Was bedeutet all das für den Einzelnen?

Dass man dafür sorgen muss, nicht Opfer der Entwicklung zu werden und mögliche Nachteile möglichst zu minimieren. Man sollte sich also die Frage stellen: Wie kann man von einem Lokalisierungstrend profitieren?

Gibt es auch ein Positiv-Szenario?

Die Regierungen müssen konsequent die Renaissance der Mittelschicht betreiben. Wenn es sein muss, auch um den Preis höherer Defizite. Unser System basiert auf einer starken und kräftigen Mittelschicht. Vielleicht ist der Preis dafür auch, dass man weniger Innovations- und Unternehmergeist hat. Ich bin aber davon überzeugt, dass Technologien wie ein neues, selbstfahrendes Auto oder weitere Automation mittelfristig weniger wichtig sind als es eine kräftige Mittelschicht ist.

Wie groß ist die Gefahr von wachsendem Autoritarismus?

Autoritäre Regimes müssen die Schrauben immer weiter anziehen. In China sieht man derzeit, wie das Regime von Xi Jinping die Fortschritte der vergangenen zehn, 15 Jahre Schritt für Schritt zurücknimmt.

Vielleicht setzt ja auch Donald Trump künftig auf autoritäre Strukturen?

Das ist durchaus vorstellbar. Ich fürchte auch, dass der Kongress oder das Oberste Gericht nicht allzu viel Widerstand gegen ihn leisten wird.

Lernt die Menschheit zu wenig aus der Geschichte?

Davon bin ich überzeugt. Aber es kommt noch etwas dazu: Wir haben zwar in den vergangenen Jahrzehnten unglaubliche technologische Fortschritte erzielt, aber wenn man unsere emotionale Entwicklung betrachtet, dann sind wir dieselben Homo sapiens wie vor tausend oder zweitausend Jahren. Für mich persönlich bedeutet diese fehlende Reife des Menschen, dass man einen Plan B braucht.

Wie sieht der bei Ihnen aus?

Ich habe mir vor ein paar Jahren ein kleines Haus in Santa Fe gekauft - nur für den Fall, dass ich eines Tages lieber wieder in den USA lebe anstatt im Herzen Europas. Die Ironie ist jetzt die, dass mir angesichts der Wahl von Donald Trump zum Präsidenten der USA meine Wohnung in Wien als viel besserer Flucht- und Ruhepunkt erscheint, als mein Häuschen im US-Bundesstaat New Mexiko.

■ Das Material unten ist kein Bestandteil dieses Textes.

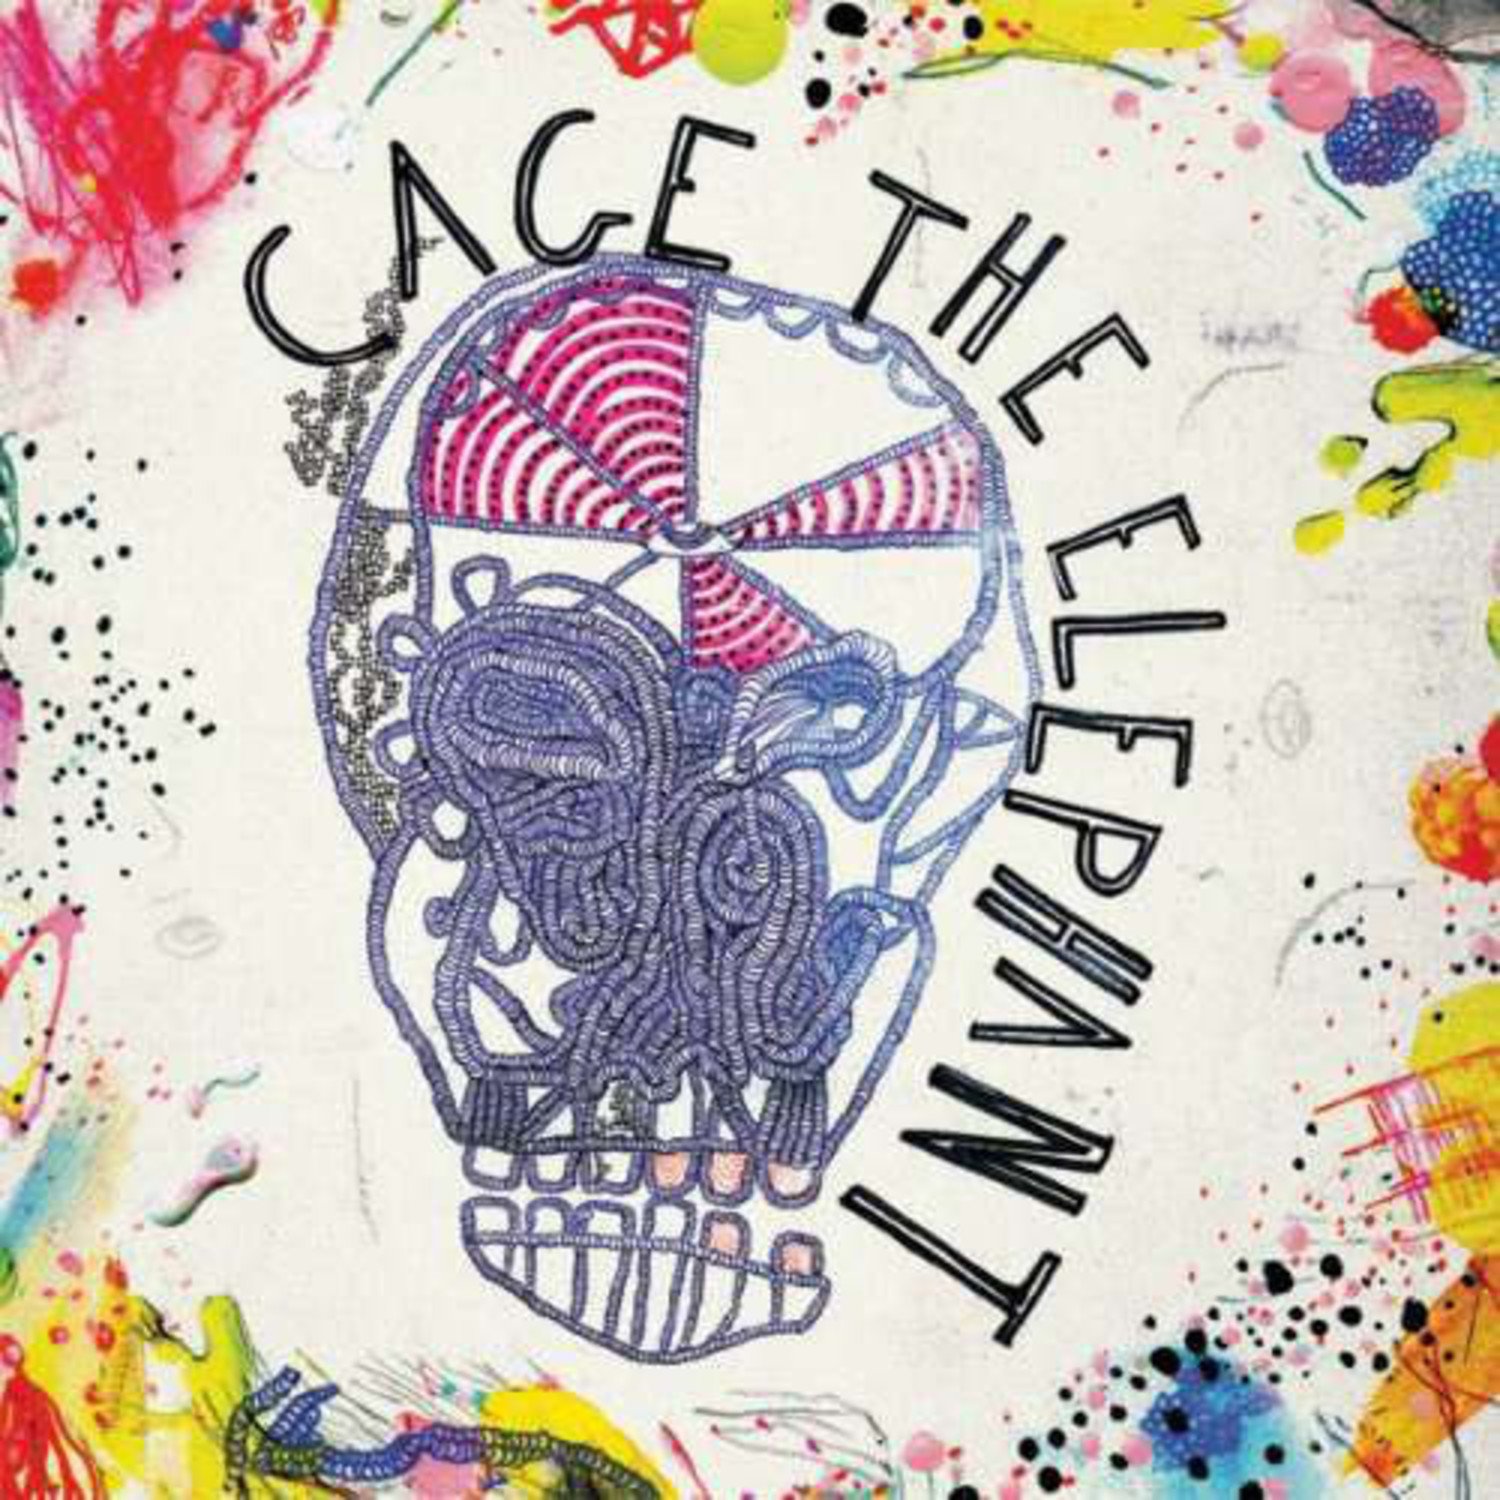 Cage The Elephant - Cage the Elephant LP - Wax Trax Records

John Casti studierte Mathematik an der University of Southern California. Er arbeitete für die Rand Corporation, an der University of Arizona und trat 1974 dem Forschungsstab des Internationalen Instituts für Angewandte Systemanalyse (IIASA) in Laxenburg bei. Seit 1986 ist Casti Professor für Operations Research und Systemtheorie am Institut für Ökonometrie, Operations Research und Systemtheorie an der Technischen Universität Wien. Er lebt und arbeitet in Wien.